Putting my arms around him (“Aspies” develop a defensive bubble they allow few into: I was lucky to be one of them), I reassured that being different wasn’t bad. But for the men and women who lived, loved, ideated and worked differently, for reasons of sexuality, belief, neurodiversity, and more, there would have been no advances in science, art, or ways of living. Without the likes of Einstein, Newton, Emily Dickinson, and Bach, this planet would have been a much poorer place (long before 2020). They are the atypical to keep in mind, not Sheldon or Rain Man. Young neurodivergents like you, I encouraged, are the real X-Men. Mutants with a mission to change the world for the better, you are superheroes, not villains. You forge ahead to accomplish so much, surmounting the peer understanding and support you lack.
Besides which, minds can be changed, I emphasised, even if it’s one person at a time, and feels like it’s taking forever. Providing information is the first step towards dispelling the misconceptions that drive the prejudice you face. There are so many things people don’t know. For example, the autistic are often very bright, sometimes exceptionally so, but with some there is a few-seconds lapse before verbal information registers.
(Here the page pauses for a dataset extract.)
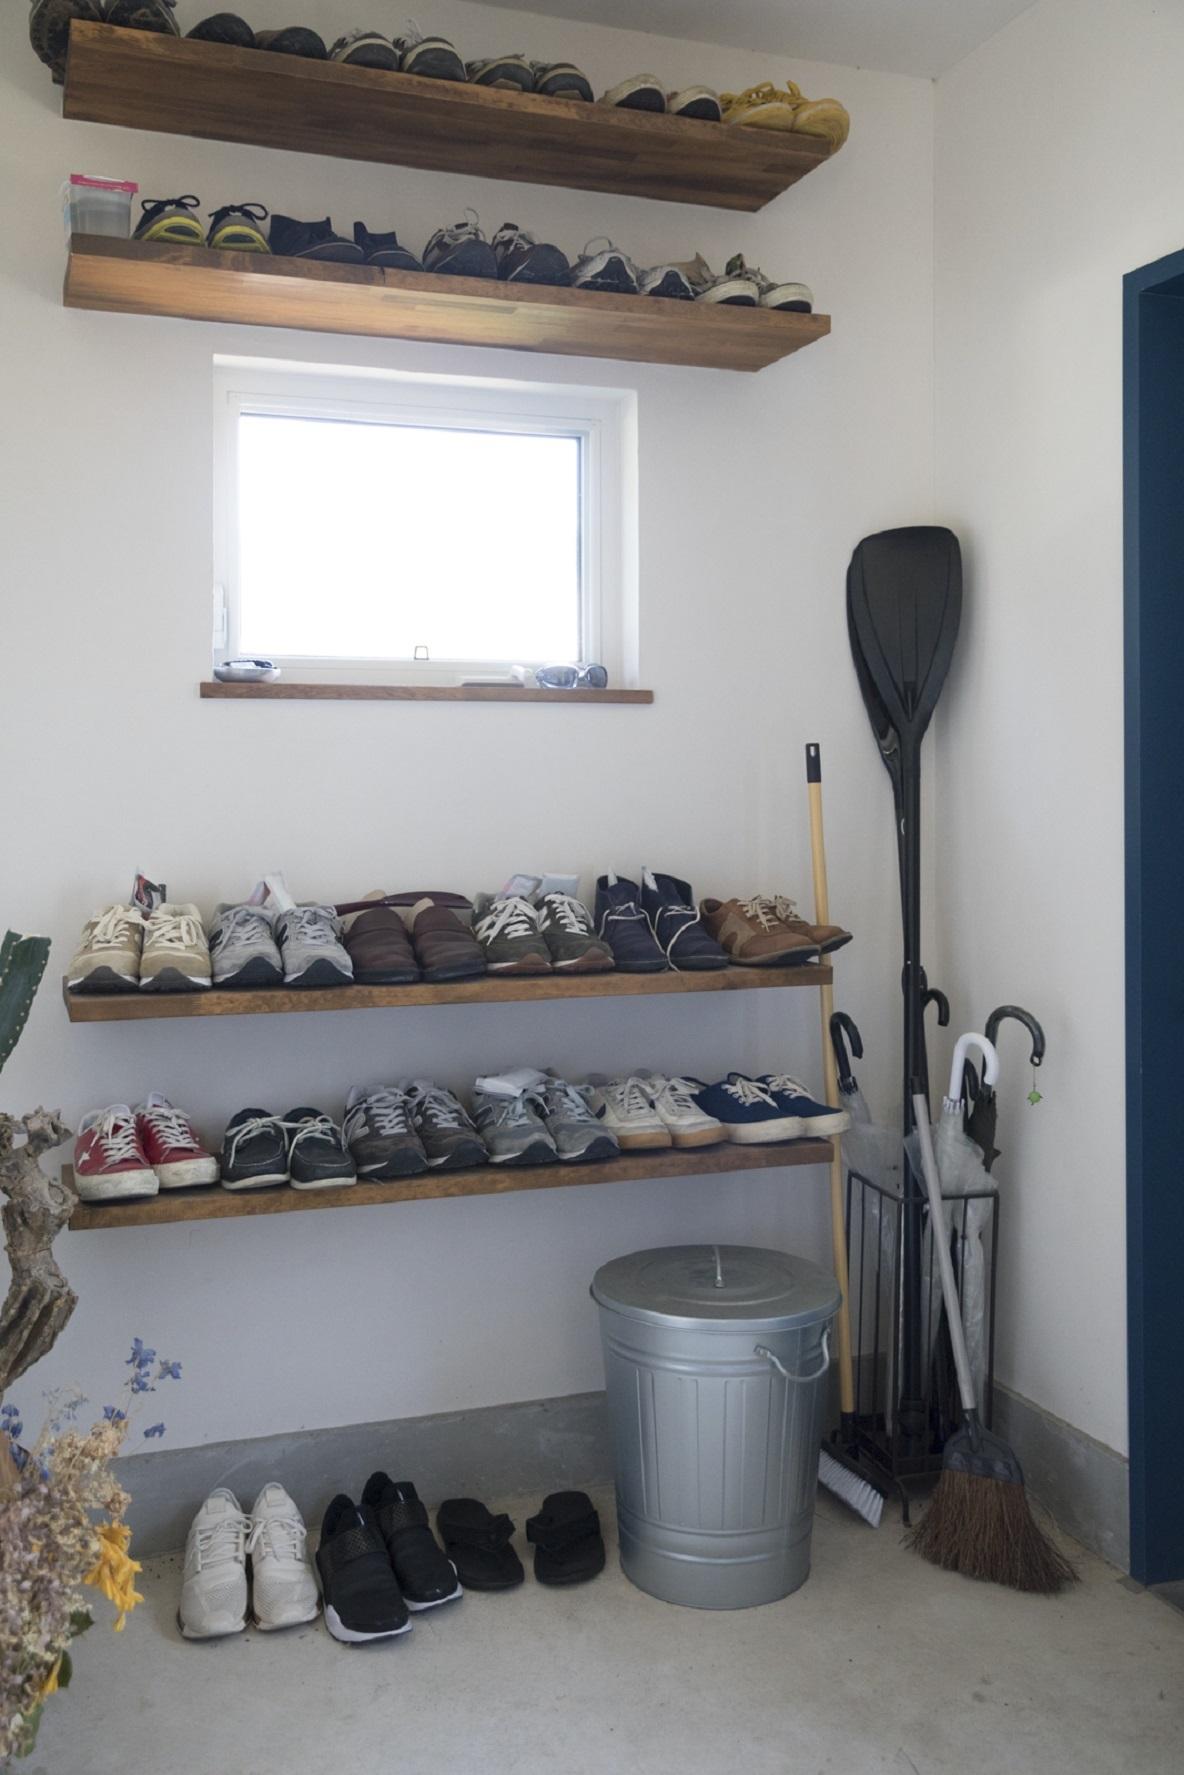 オープン収納で靴を置く玄関土間
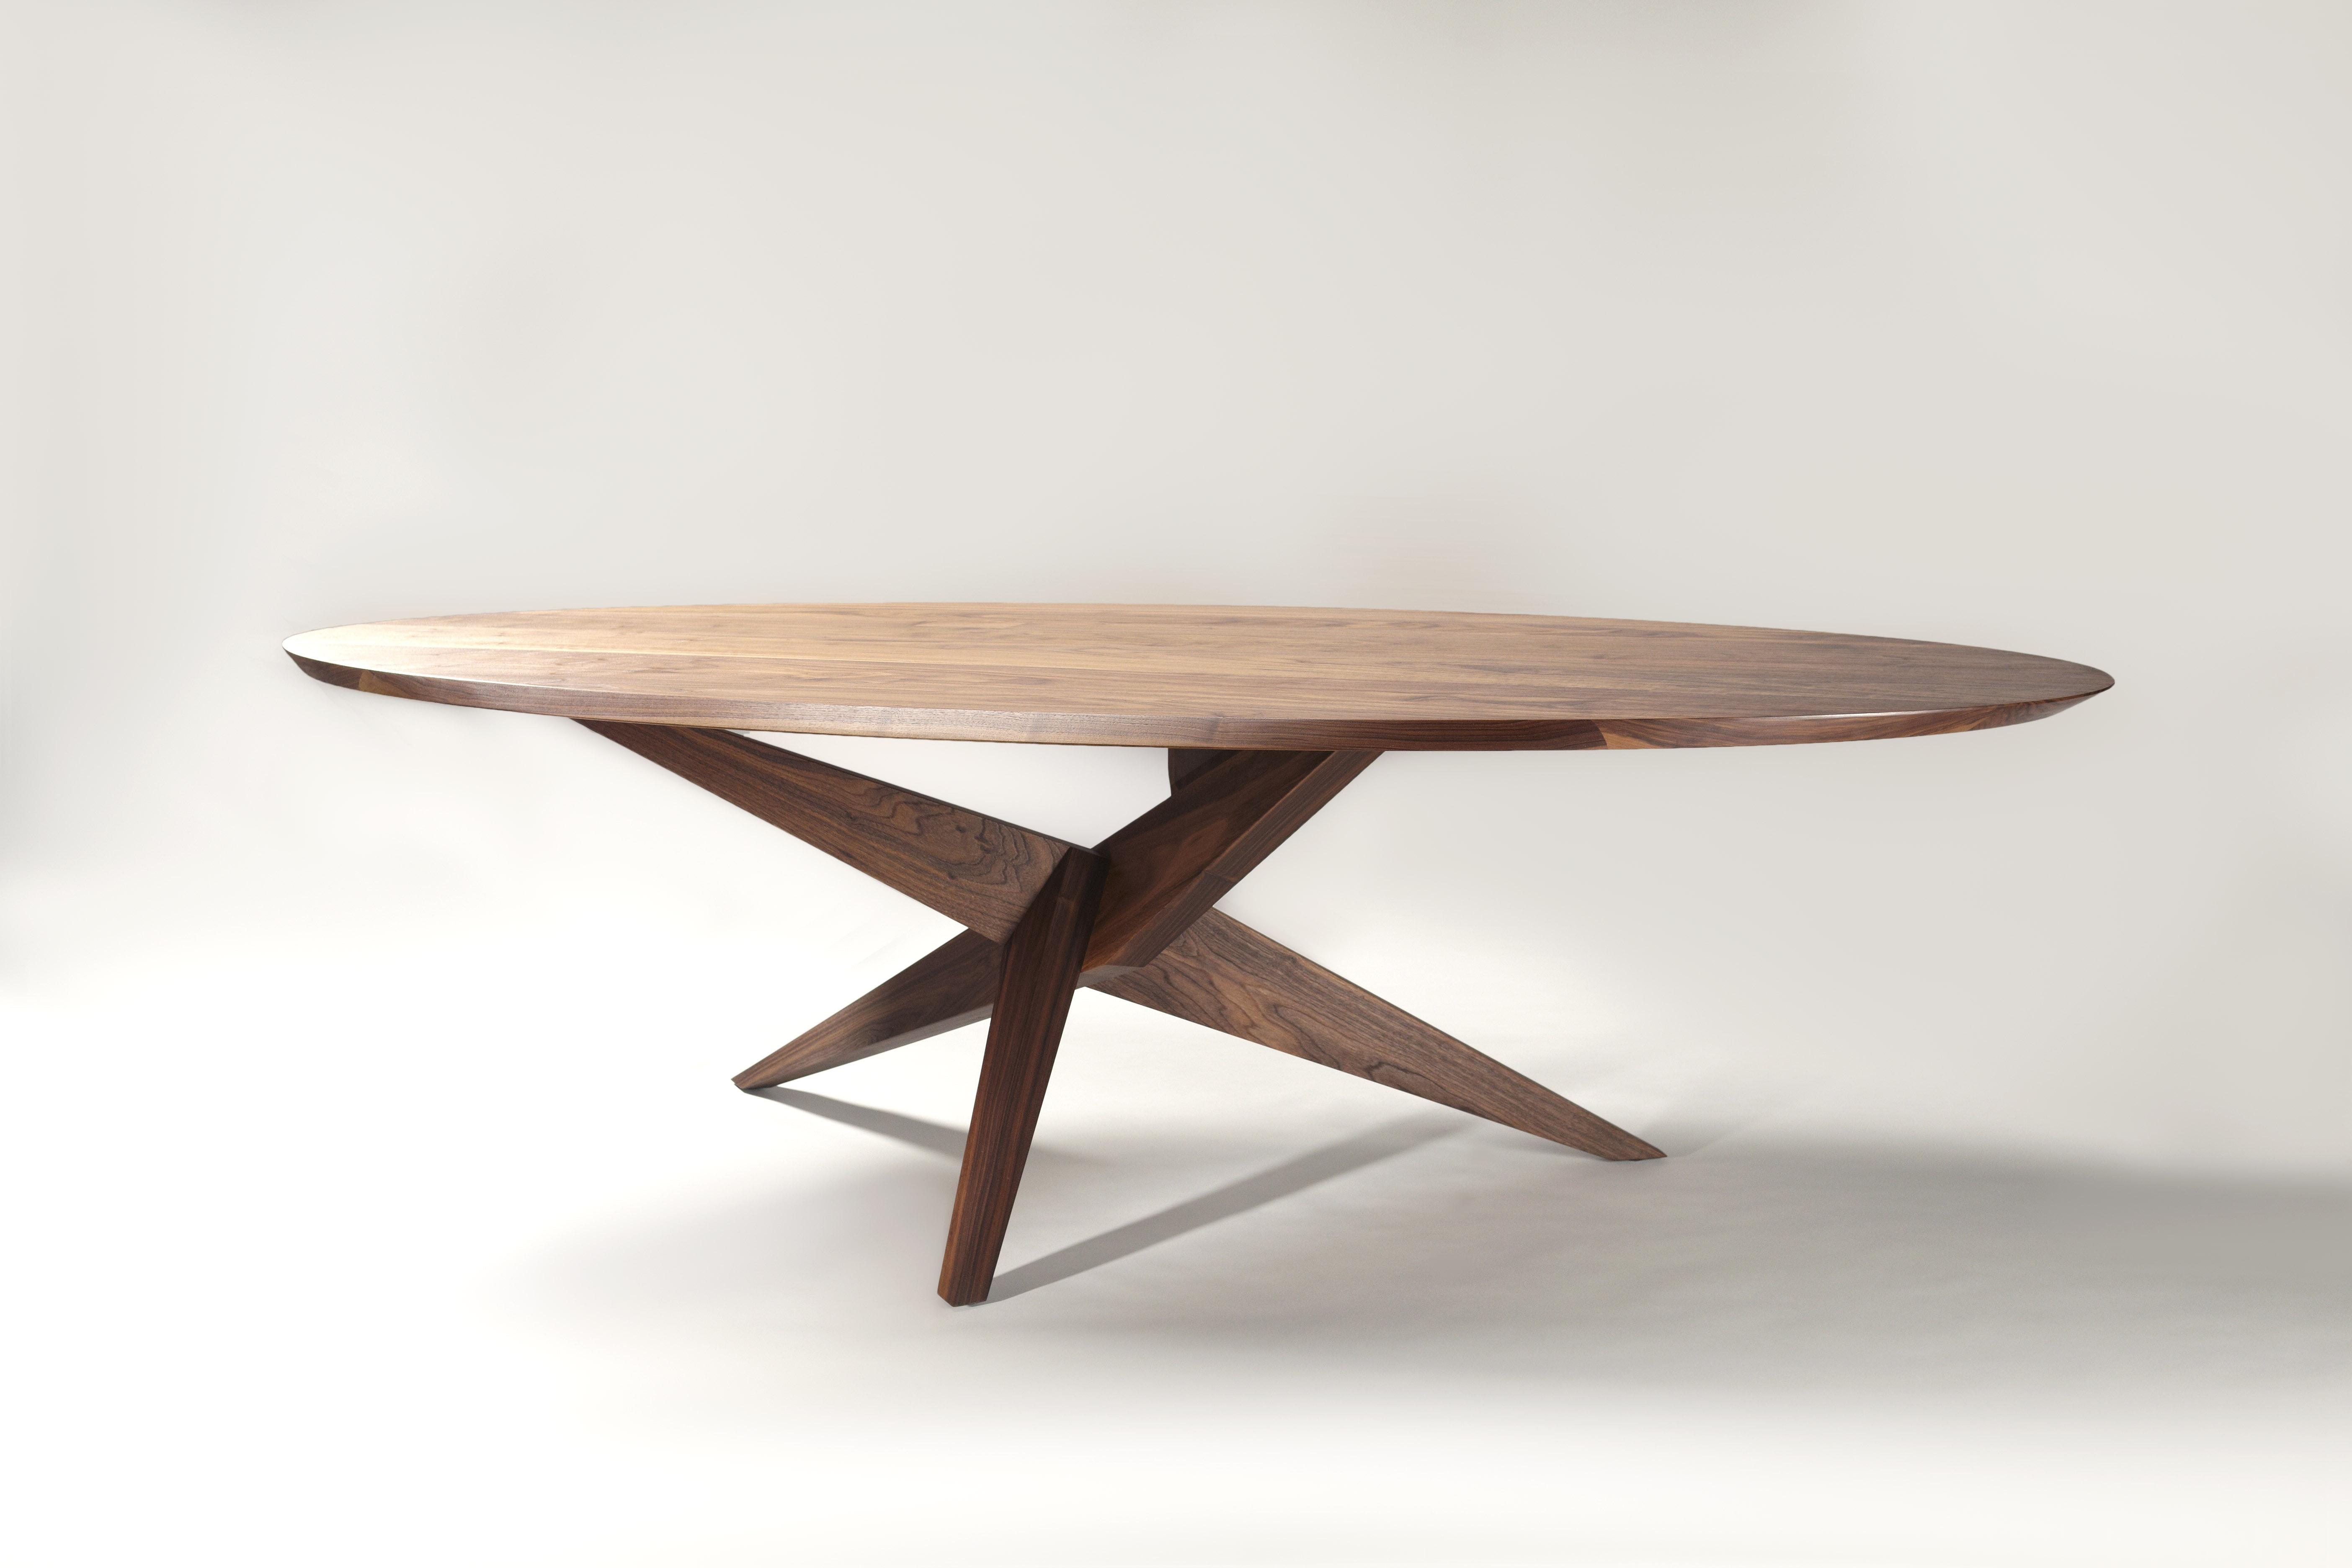 B Table 1 John Ford Haute Living

This doesn’t make them stupid, or deaf, or even vague (I always thought I was that). Their brains just work differently. The penny drops infinitesimally slower. But drops with the power of a bomb. Because what they then do with that information has often changed the world.
Ironically, in a year in which I completed writing my third book ‘The Accidental Tourist’, I found out just how much of an accidental tourist I was on this earth. In beginning to understand myself, I learned to forgive too, not just myself but those I’d felt had let me down and/or misbehaved. We’re all bad at “getting” those we perceive as different, and the only thing that makes the neurotypical more culpable is that they are the norm: the muscular majority, with the power to change how society works. How it perceives difference and treats it. The ignorance and prejudice with which it greets divergence is often not deliberate I’ve realised. Differences frighten people, and scared folk will lash out. For my young superhero, and millions of young ‘uns like him, a standing back to consider, a little thinking over, and even a tentative welcoming in, is a large part of what they need from society.
My resolution for 2021 is to convince, if not the typical into seeing the worth of the A, then the atypical themselves of their own value. To exhort them to continue charting their individual course, because neurodivergence, instead of a stigma, is a strength and should be a joy. But it isn’t yet. Let this column in which I “out” myself be my first salvo towards this end.